| REQUIRED WORK |
Will you write out the data exactly, excluding every picture?

Data items:
[Start of section]
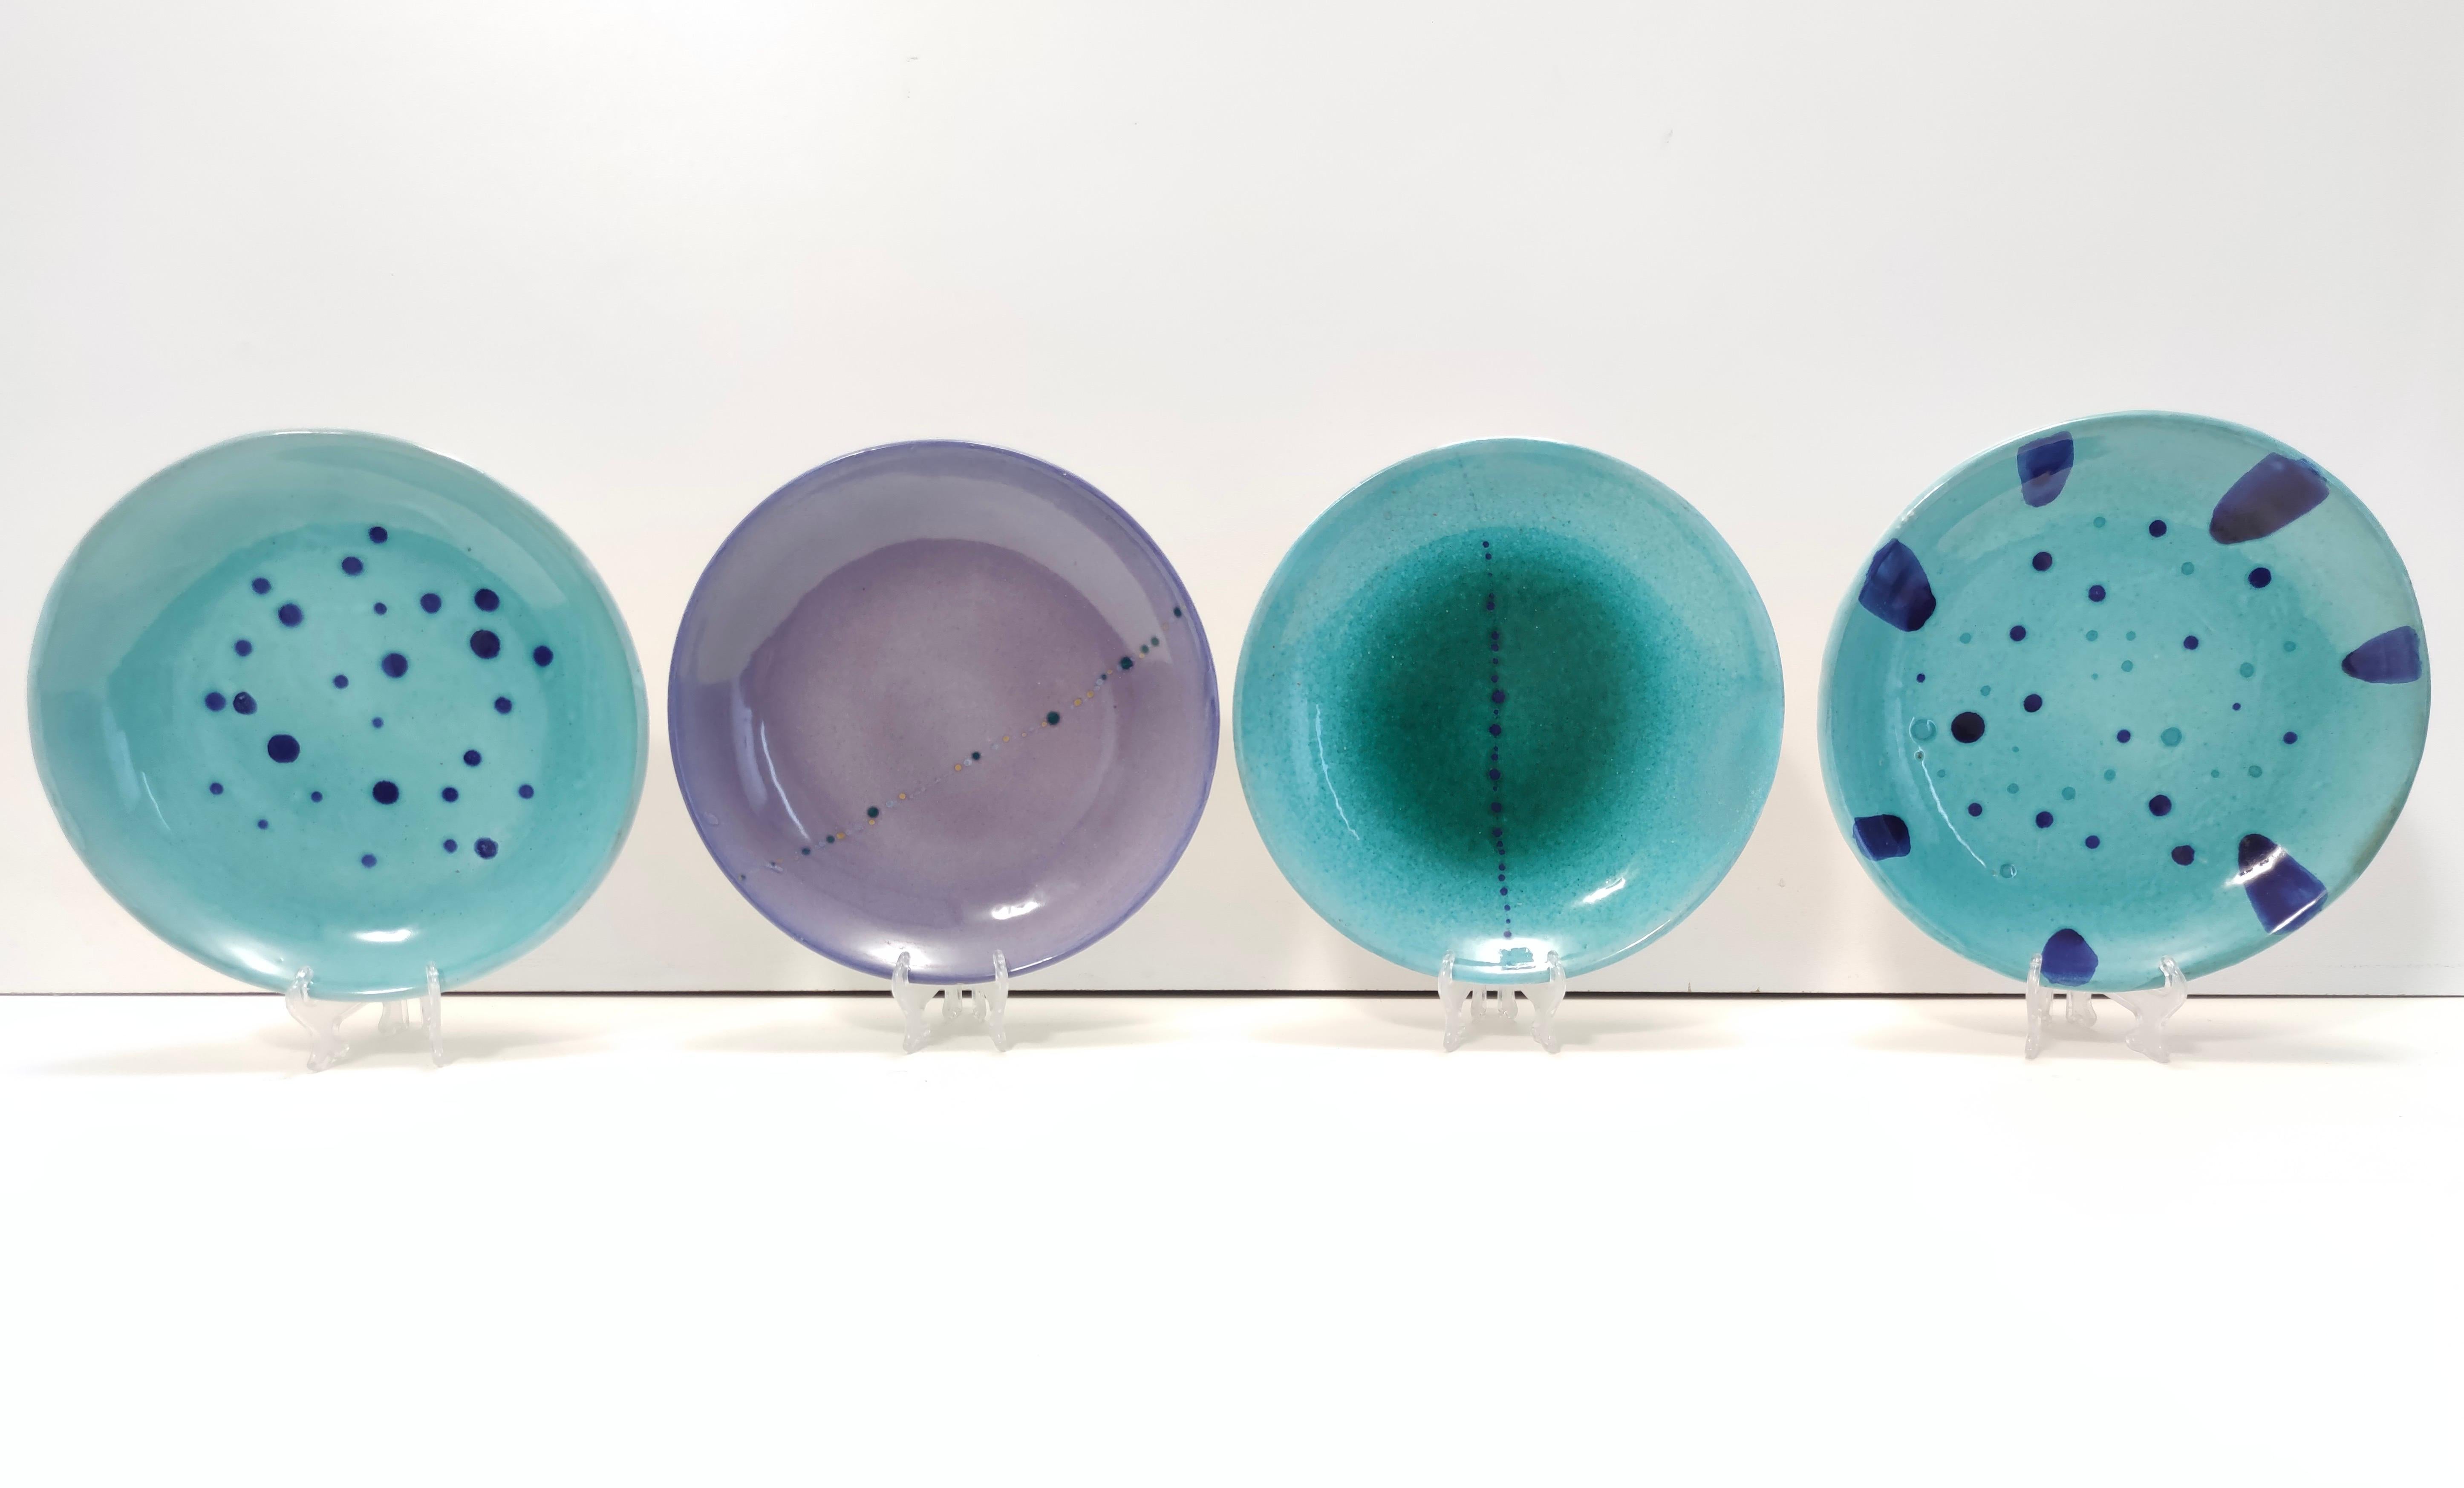 Made in Italy, 1950s - 1960s.  
This set of four catchalls / vide-poches / decorative plates is made in glazed earthenware.
These space-inspired plates are hand-made and hand-painted in the furnace of 
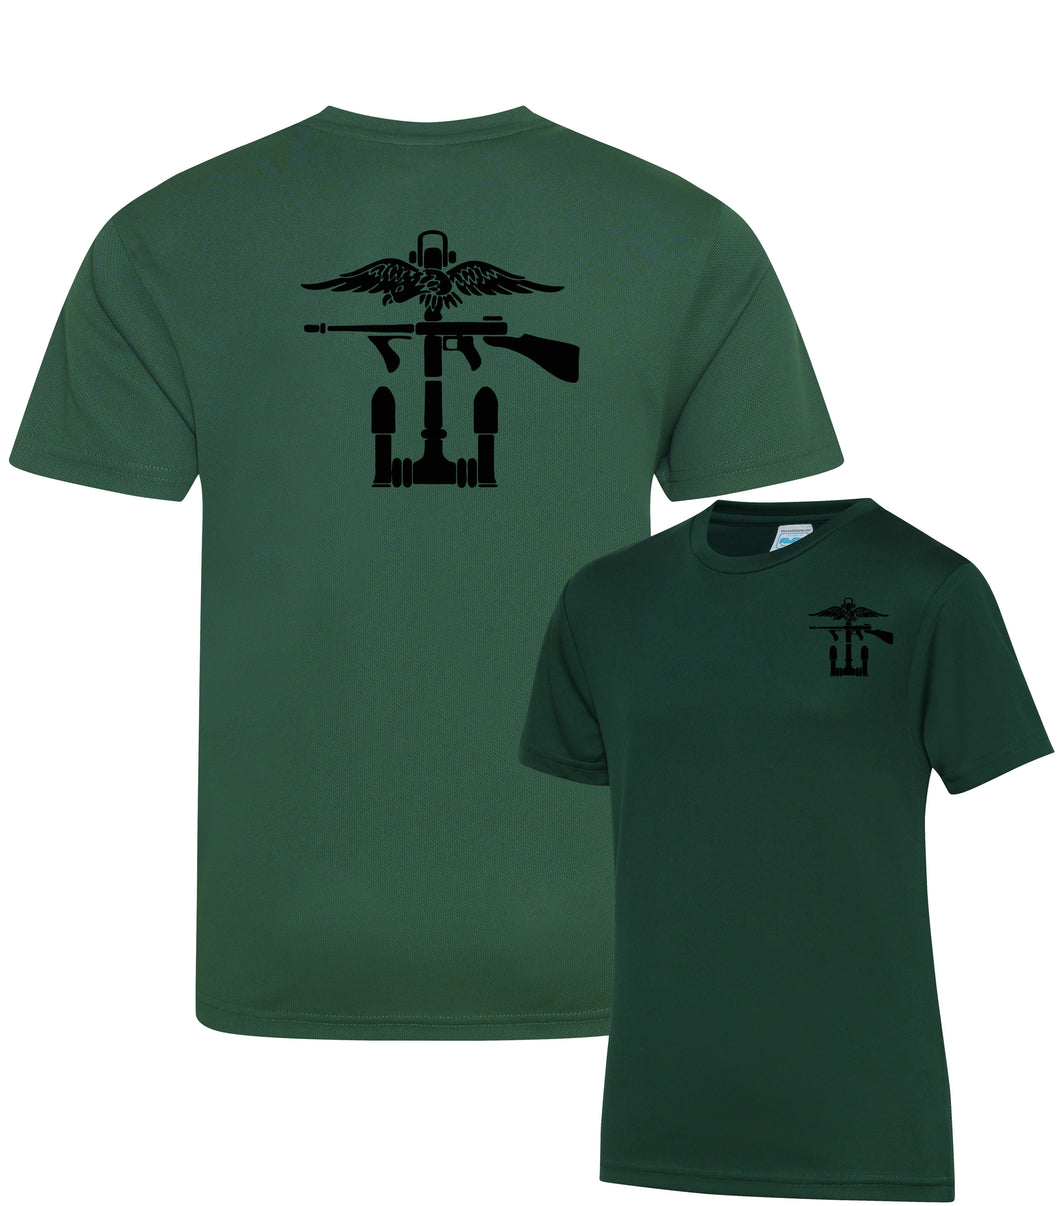 Combined Operations / Joint Force - Fully Printed Wicking Fabric T-shirt
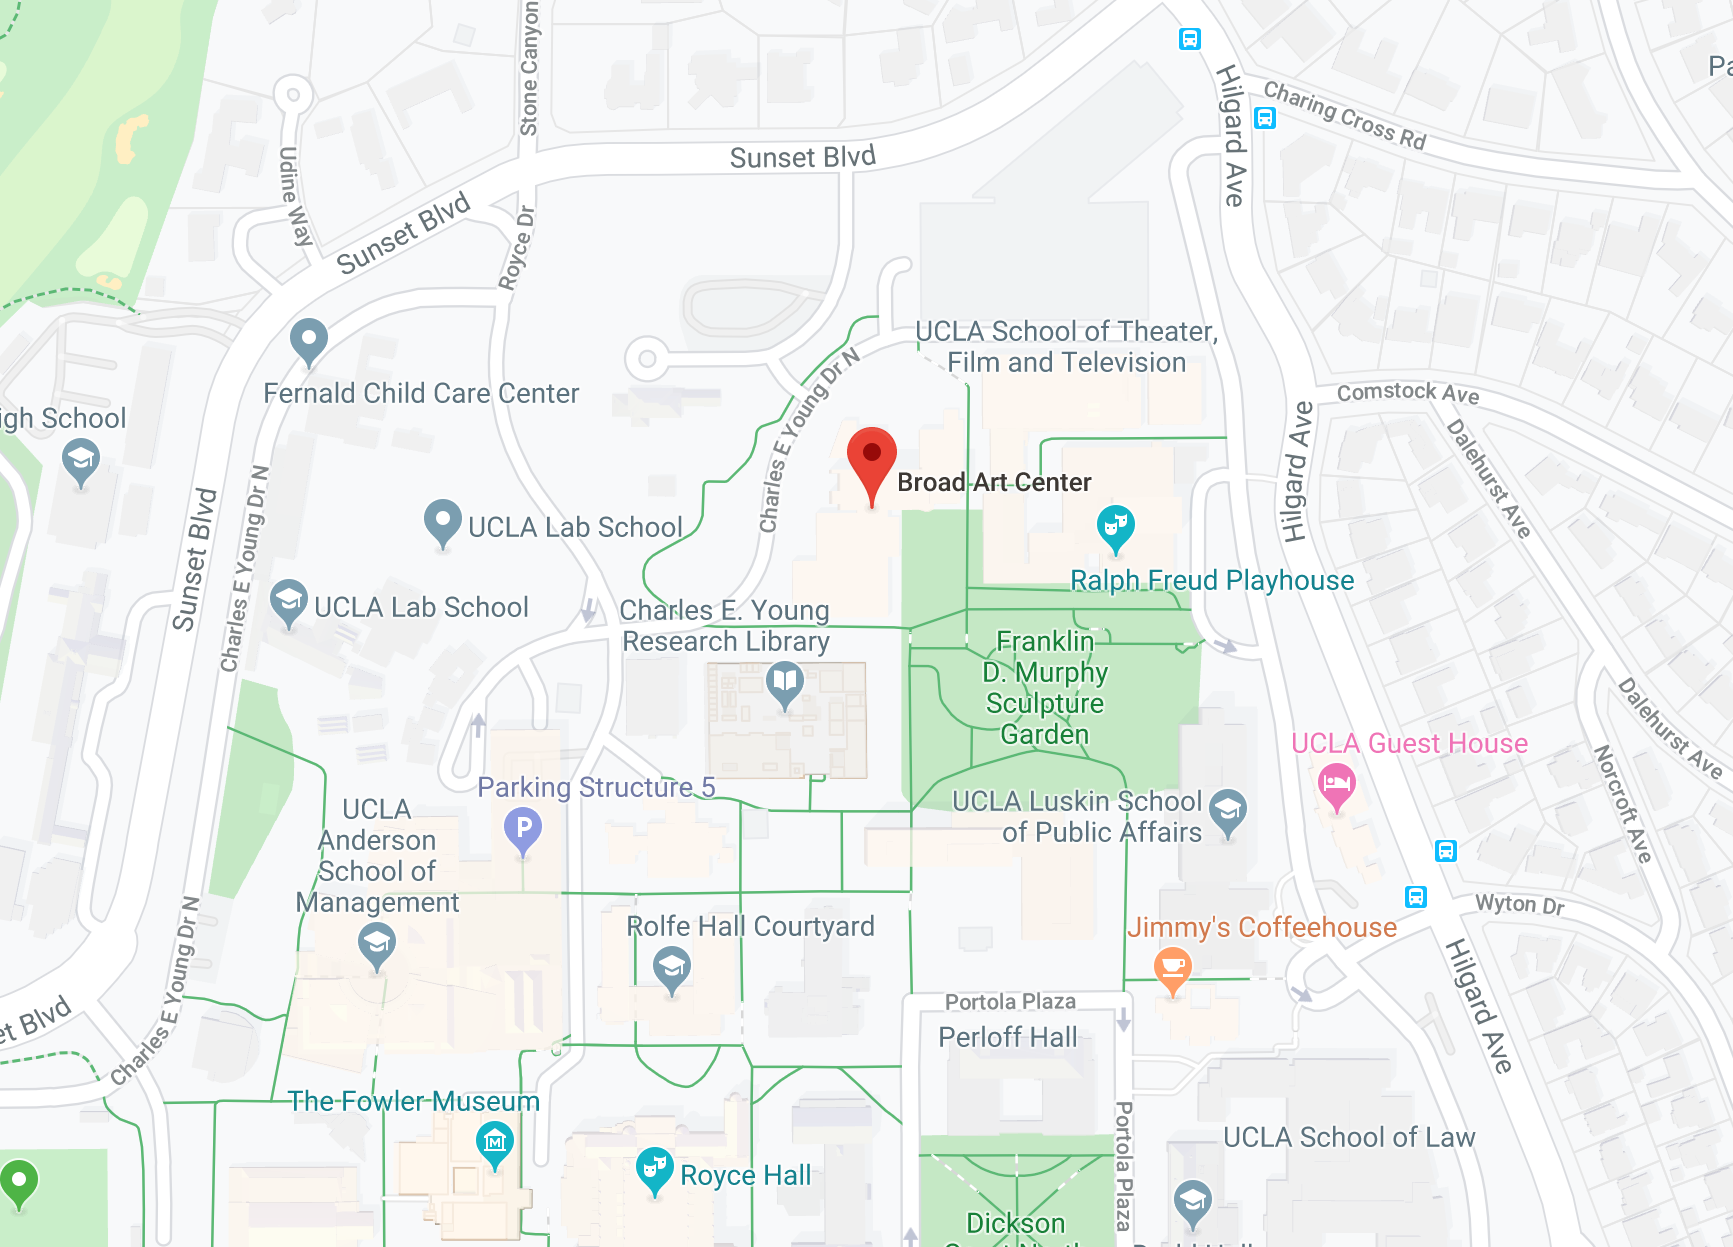 Map of UCLA Campus showing a pin at the broad building.
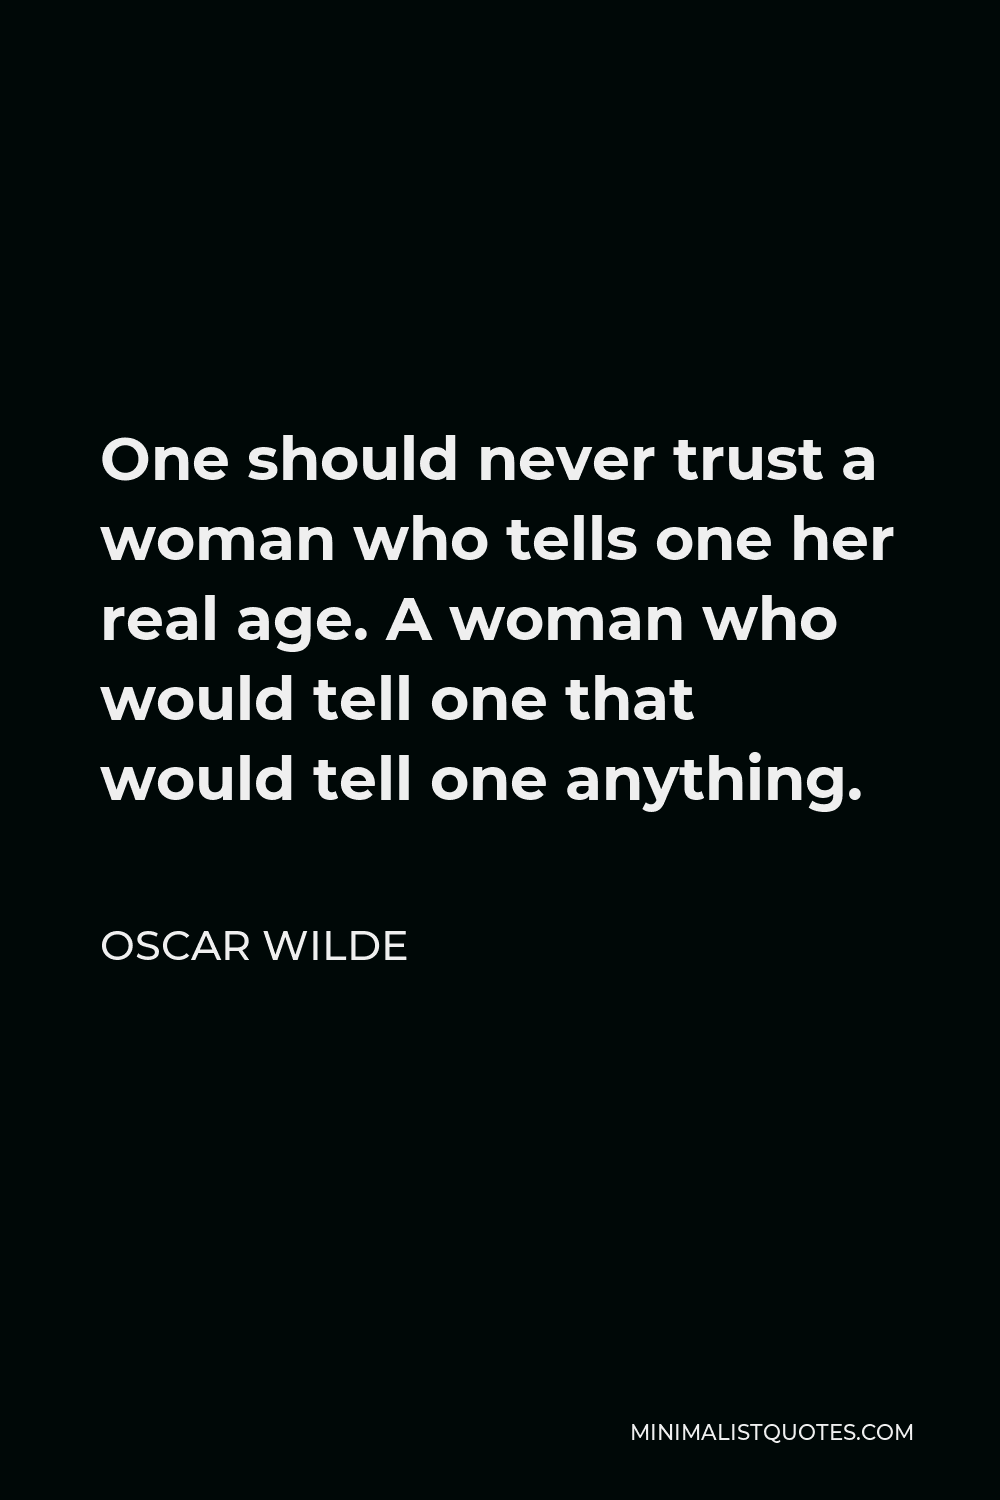 Oscar Wilde Quote - One should never trust a woman who tells one her real age. A woman who would tell one that would tell one anything.
[End of section]
| RESULT OF THE EXERCISE |
 Made in Italy, 1950s - 1960s.  
This set of four catchalls / vide-poches / decorative plates is made in glazed earthenware.
These space-inspired plates are hand-made and hand-painted in the furnace of 
 Combined Operations / Joint Force - Fully Printed Wicking Fabric T-shirt
 Map of UCLA Campus showing a pin at the broad building.
 Oscar Wilde Quote - One should never trust a woman who tells one her real age. A woman who would tell one that would tell one anything.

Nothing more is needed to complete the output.